Human DECR1 is an androgen-repressed survival factor that regulates PUFA oxidation to protect prostate tumor cells from ferroptosis
»
Human DECR1 is an androgen-repressed survival factor that regulates PUFA oxidation to protect prostate tumor cells from ferroptosis
Fatty acid β-oxidation (FAO) is the main bioenergy pathways in human prostate cancer (PCa) and promising new therapies vulnerabilities. Here we demonstrate the therapeutic efficacy of targeting FAO in prostate tumor clinical cultured ex vivo, and identify DECR1, encoding the enzyme rate-limiting for the acid oxidation of polyunsaturated fats (PUFAs), as excited expressed in tissues of PCa and was associated with survival of relapse-free over short. DECR1 is androgen receptor (AR) gene targets of negative-regulated and, therefore, can promote PCa cell survival and resistance to therapy targeting AR.
DECR1 knockdown selectively inhibit β-oxidation of PUFAs, inhibits the proliferation and migration of PCa cells, including treatment-resistant line, and suppressed tumor cell proliferation and metastasis in xenograft mouse models. Mechanical, caused DECR1 targeting cellular accumulation of PUFA, enhanced mitochondrial oxidative stress and lipid peroxidation, and induced ferroptosis. These findings involves the oxidation of PUFAs through DECR1 as unexplored aspects of FAO that promotes PCa cell survival.
Reactive oxygen species (ROS) and mitochondria play an important role in regulating platelet function. determining platelet activation drastic changes in redox balance and the metabolism of platelets. Indeed, several signaling pathways have been shown to induce ROS production by NAPDH oxidase (NOX) and mitochondria, after activation of platelets. Platelet-derived ROS, in turn, further increases ROS production and consequent platelet activation, adhesion and recruitment in the loop auto-reinforcing.
This vicious circle results in platelet procoagulant phenotype and apoptosis, both accounting high thrombotic risk in oxidative stress-related illnesses. This review seeks to explain the molecular mechanisms underlying the production of ROS during platelet activation and altered redox balance effect on platelet function, with a focus on the major progress that has been made in redox biology of platelets. Furthermore, given the increased interest in this field, we also describe a method of up-to-date to detect platelets, ROS and bioenergy profile platelets, which have been proposed as potential biomarkers of disease.

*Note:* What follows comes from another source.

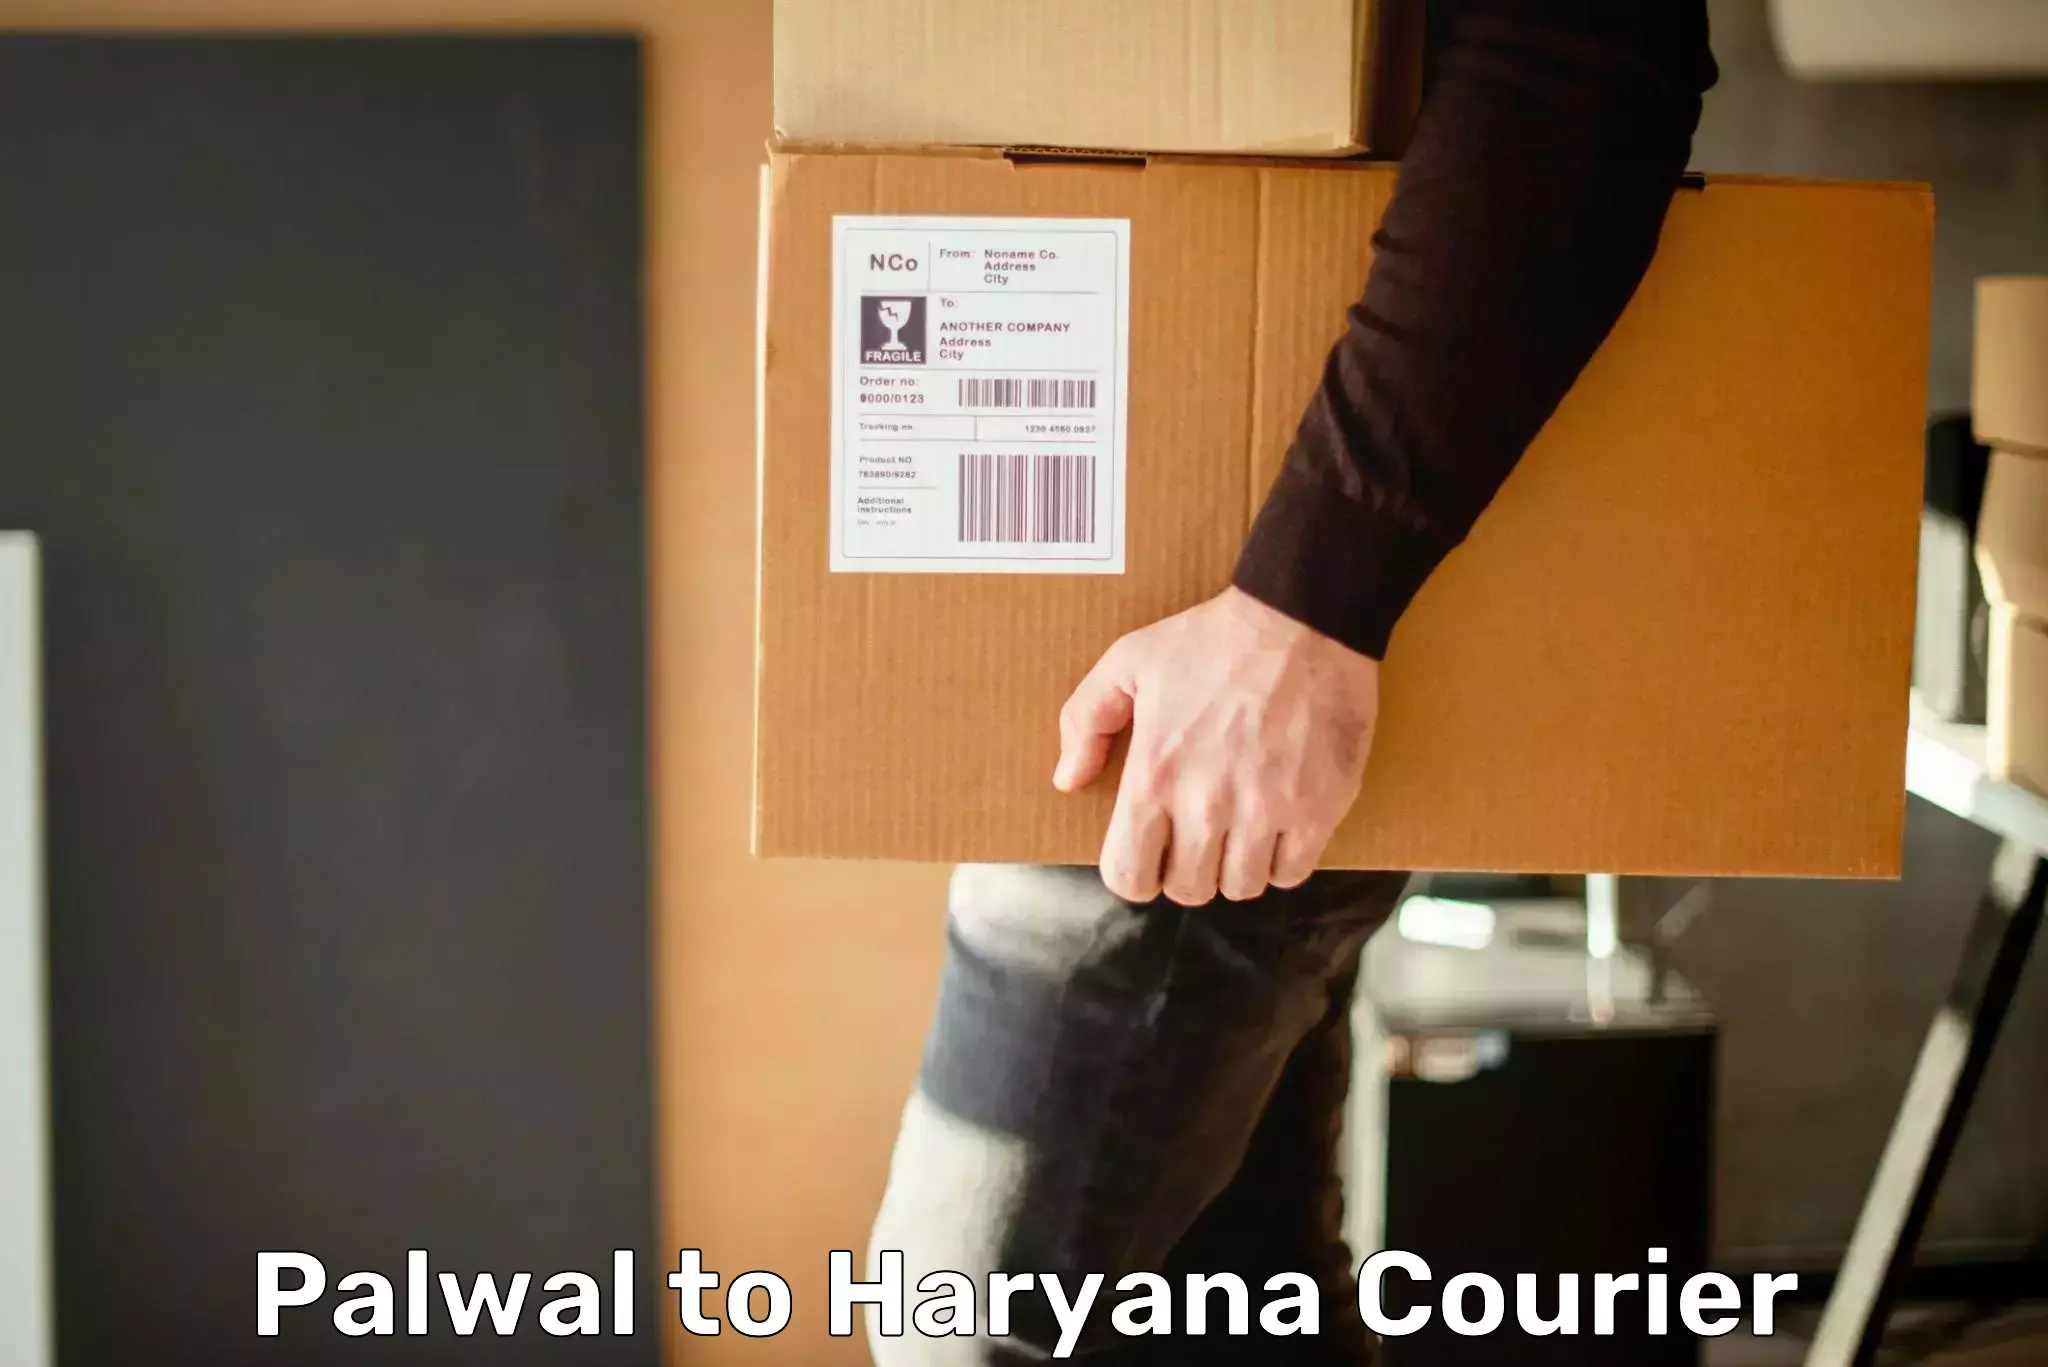 State-of-the-art courier technology Palwal to Haryana

Human DECR1 is an androgen-repressed survival factor that regulates PUFA oxidation to protect prostate tumor cells from ferroptosis
Both aerobic glycolysis and mitochondrial respiration necessary for osteoclast differentiation
Excessive bone resorption over bone formation is the root cause of bone loss that leads to osteoporosis fractures. Development of new antiresorptive therapy calls for a holistic understanding of osteoclast differentiation and function.

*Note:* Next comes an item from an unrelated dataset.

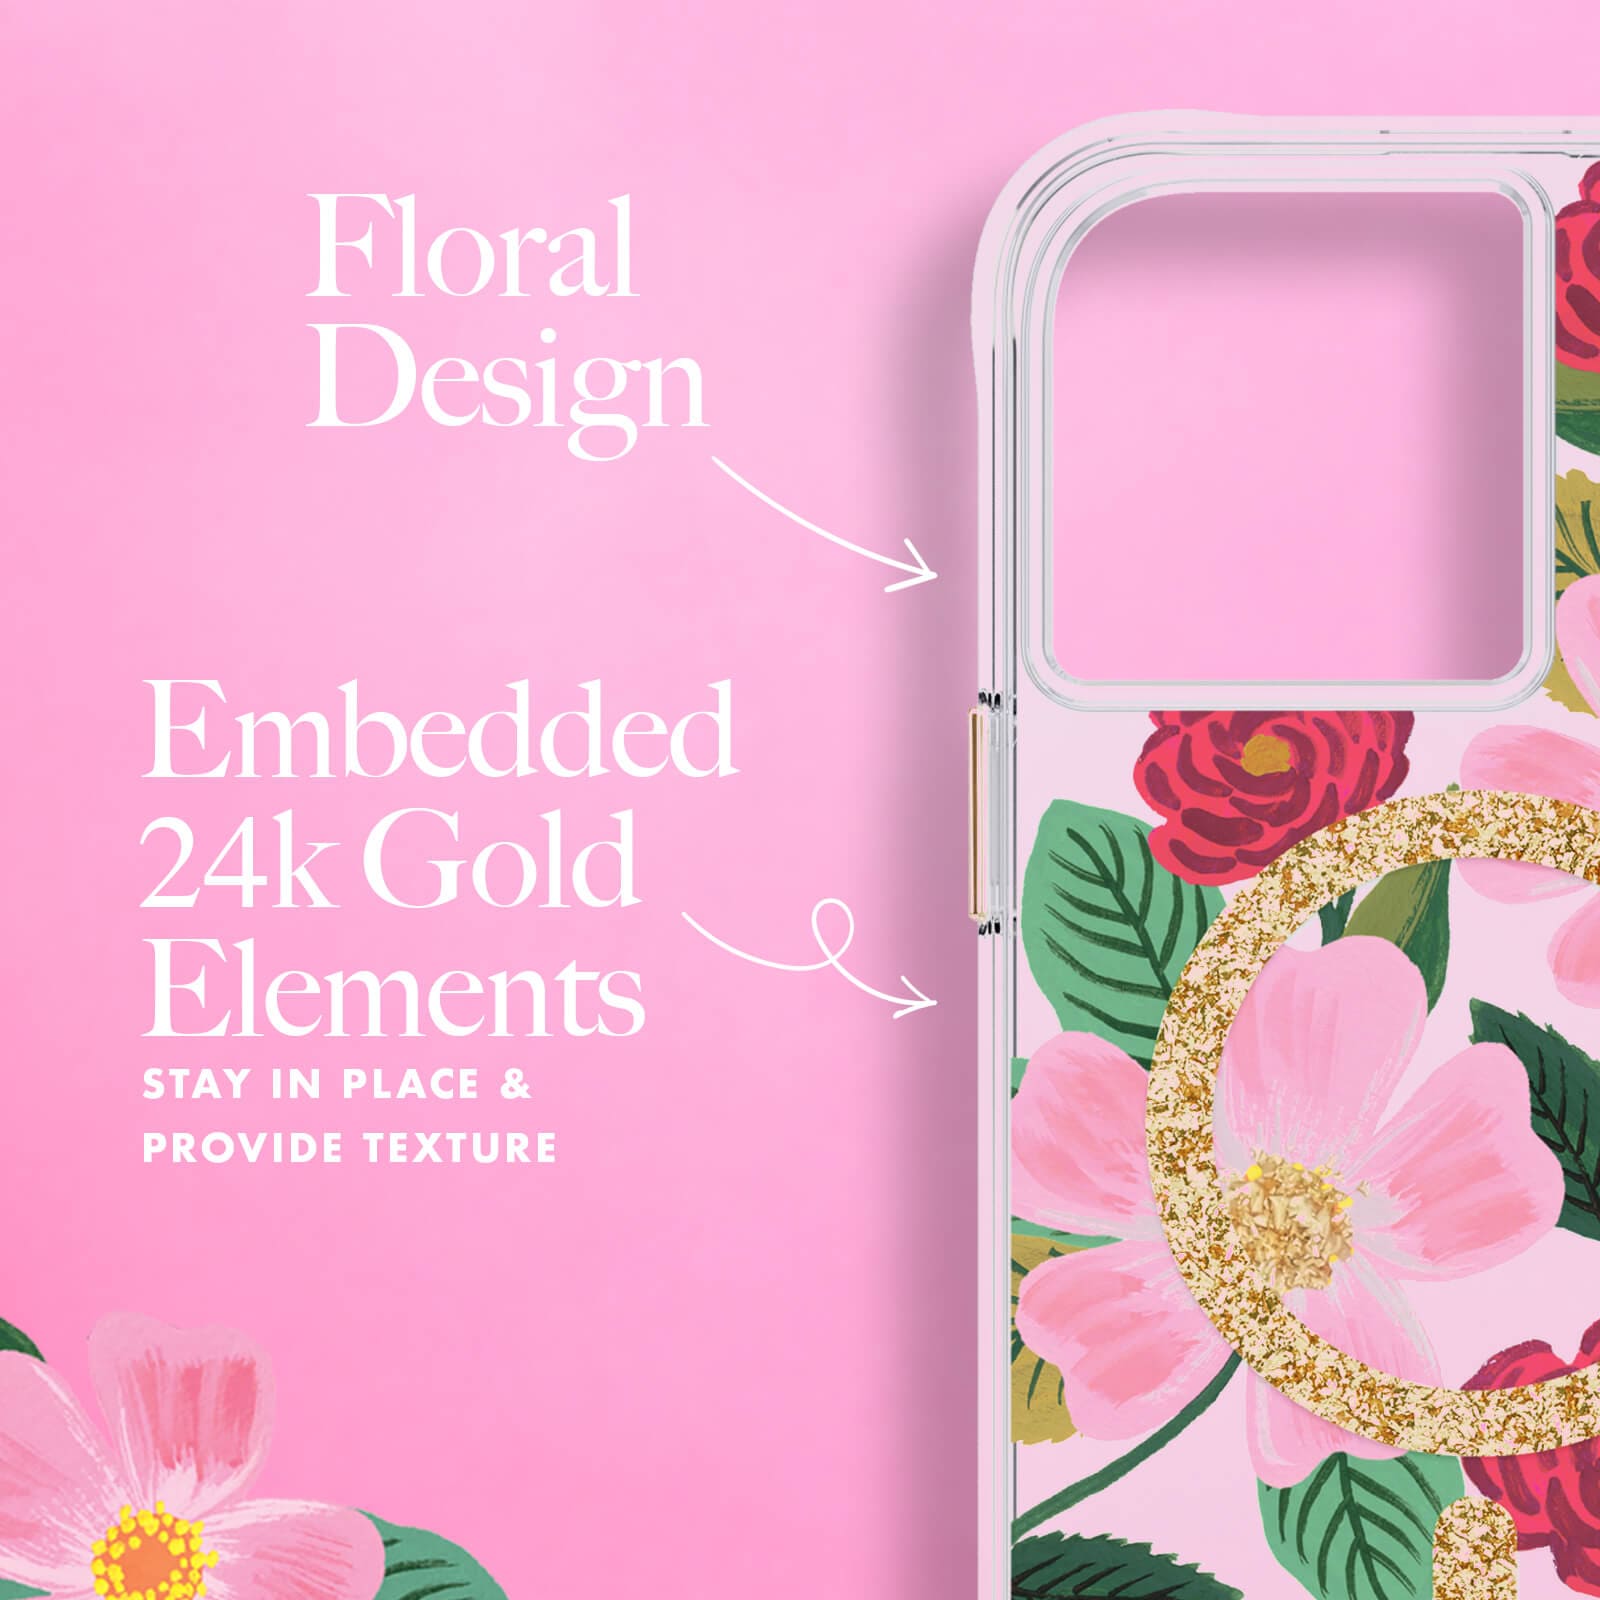 Floral design. Embedded 24k gold elements stay in place & provide texture. color::Rose Garden

Although much has been learned about the regulation of the molecular biology of osteoclasts, little is known about the metabolism and bioenergetics requirements during osteoclastogenesis. Here, we report that glucose metabolism through oxidative phosphorylation (OXPHOS) is the dominant bioenergy pathways to support osteoclast differentiation. Meanwhile, increased production of lactate from glucose, which is known as aerobic glycolysis when oxygen is plentiful, it is also important for osteoclastogenesis.

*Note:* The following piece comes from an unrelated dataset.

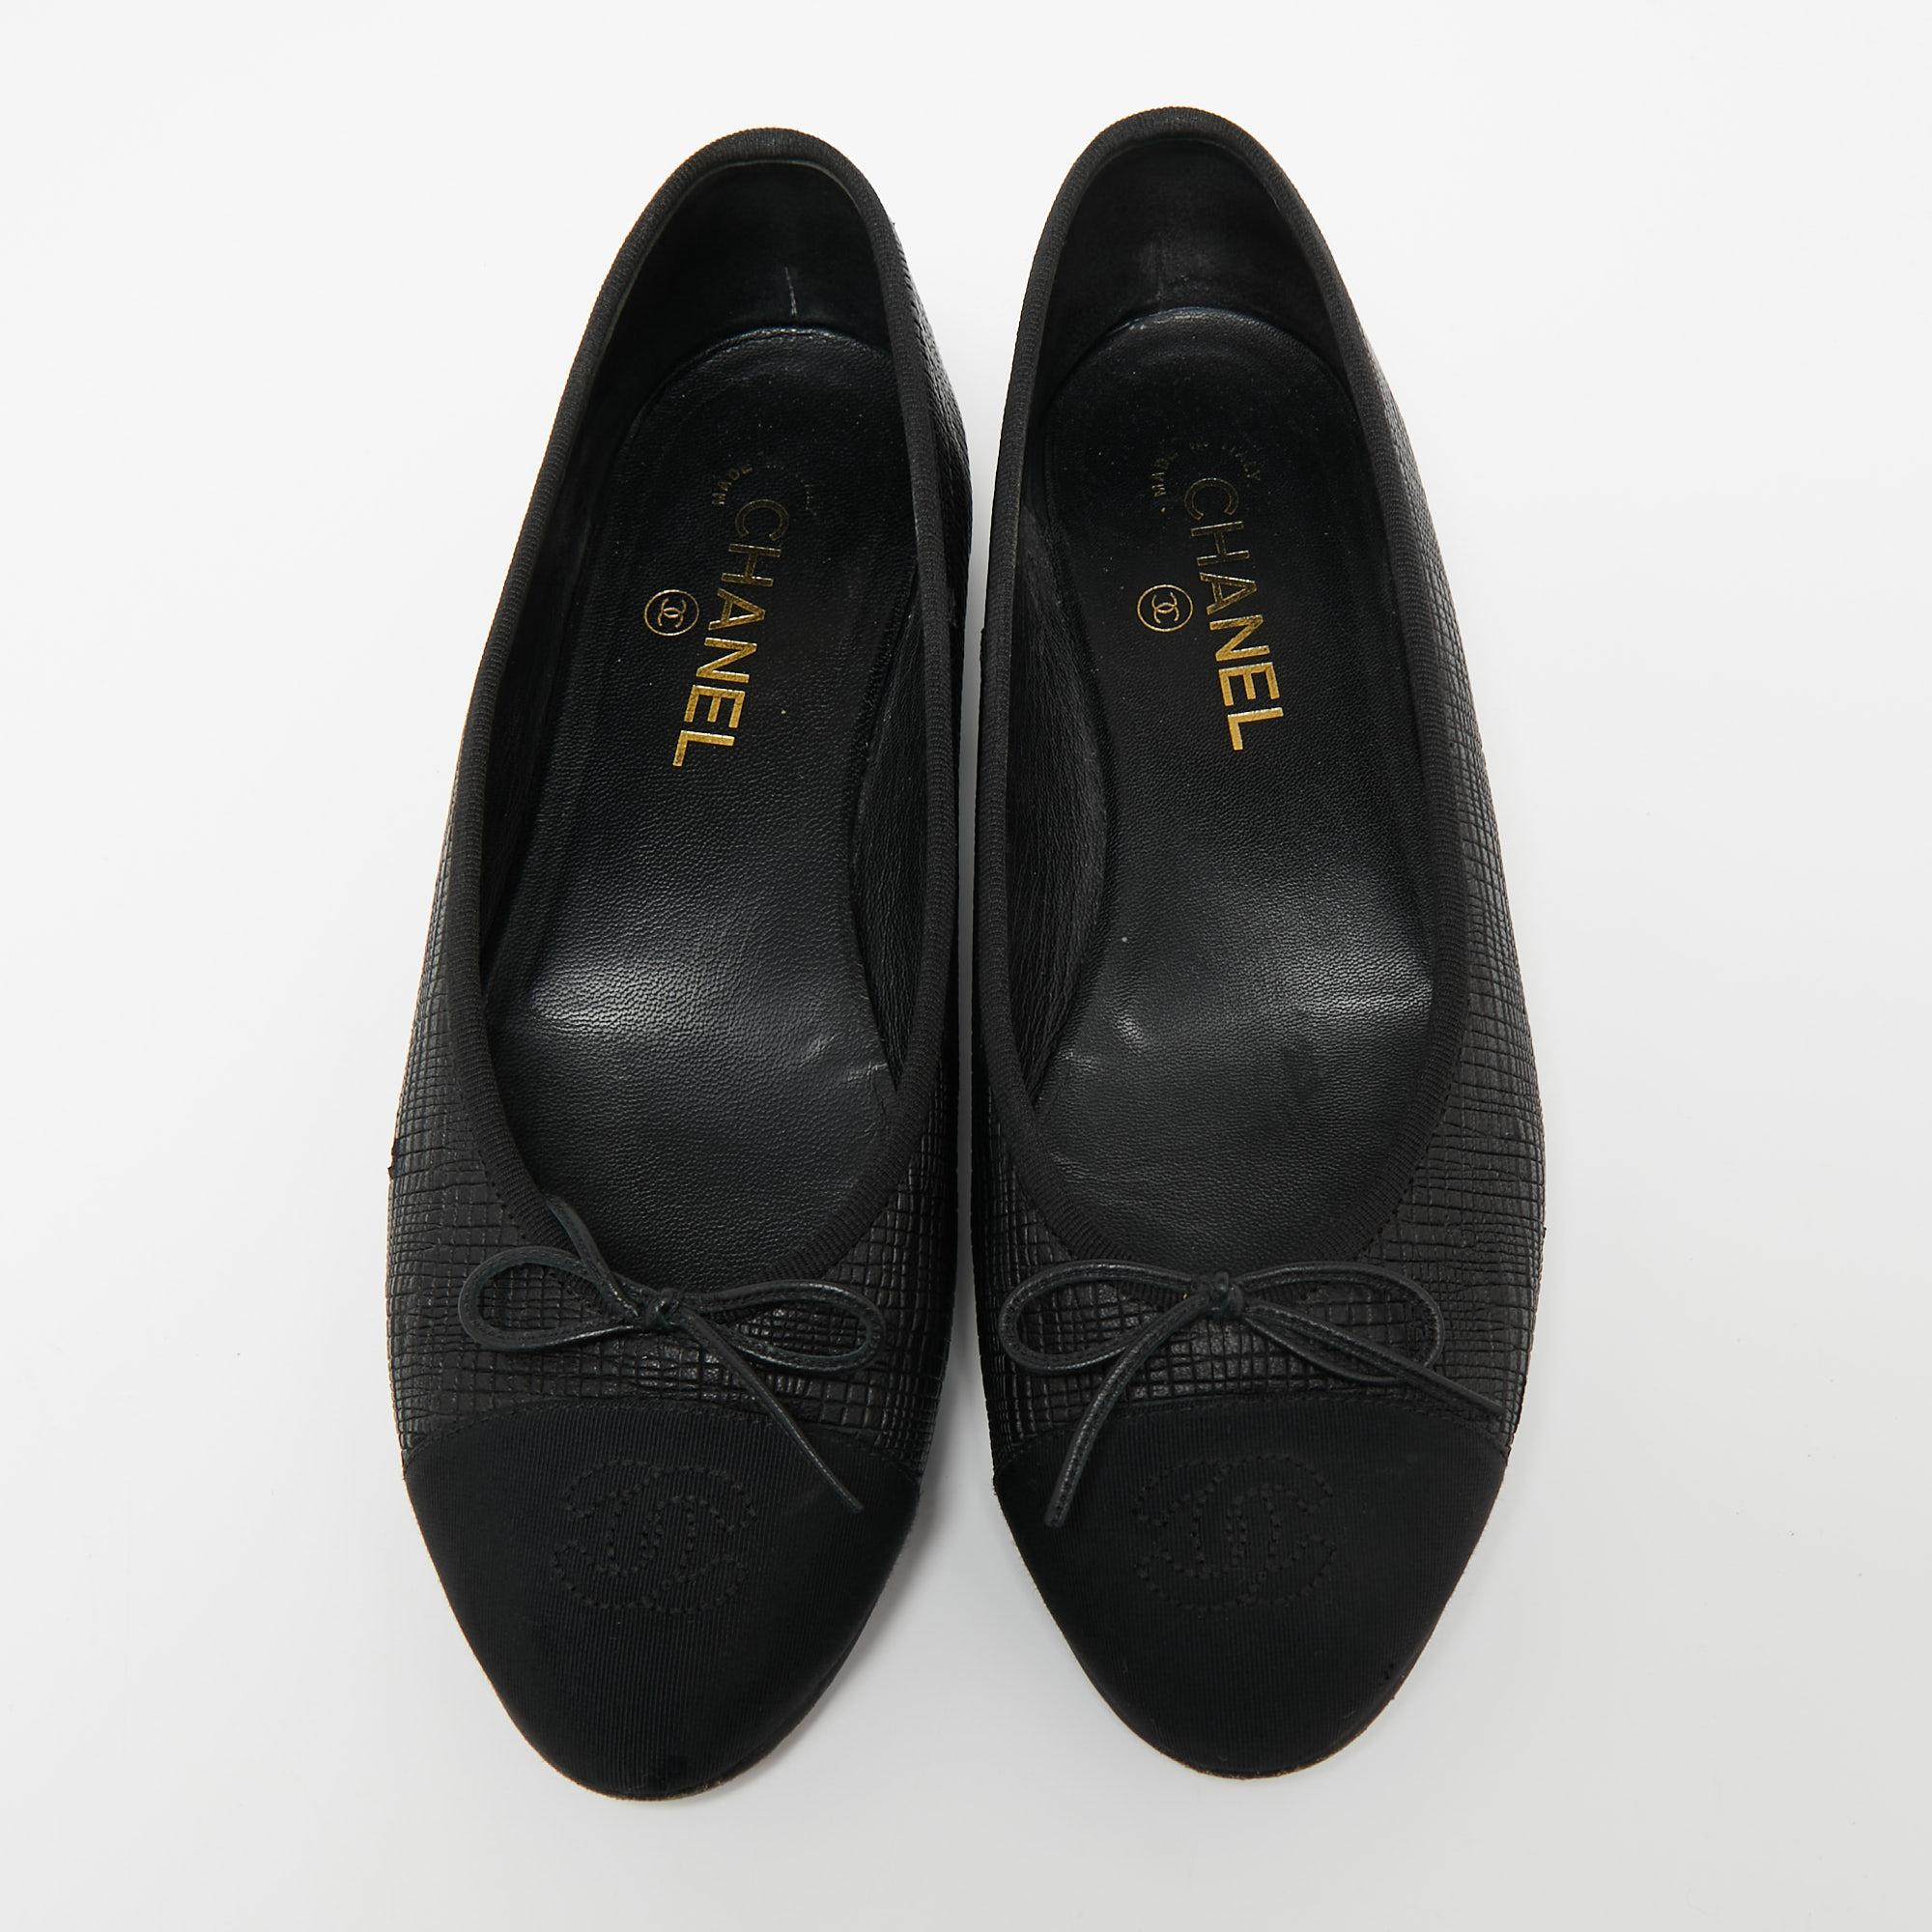 These ballet flats from the House of Chanel will certainly deliver a sense of elegance and poise with their chic design. They are made from textured leather and feature a bow detail on the fabric cap toes. These Chanel ballet flats will help you

Genetic deletion in osteoclast progenitor Glut1 reduce aerobic glycolysis without sacrificing OXPHOS, but nonetheless reduced osteoclast differentiation in vitro. The progenitor Glut1 deficiency leads to osteopetrosis because fewer osteoclasts specialized in female rats. Thus, Glut1-mediated glucose metabolism through the production of lactic and OXPHOS both required for normal osteoclastogenesis.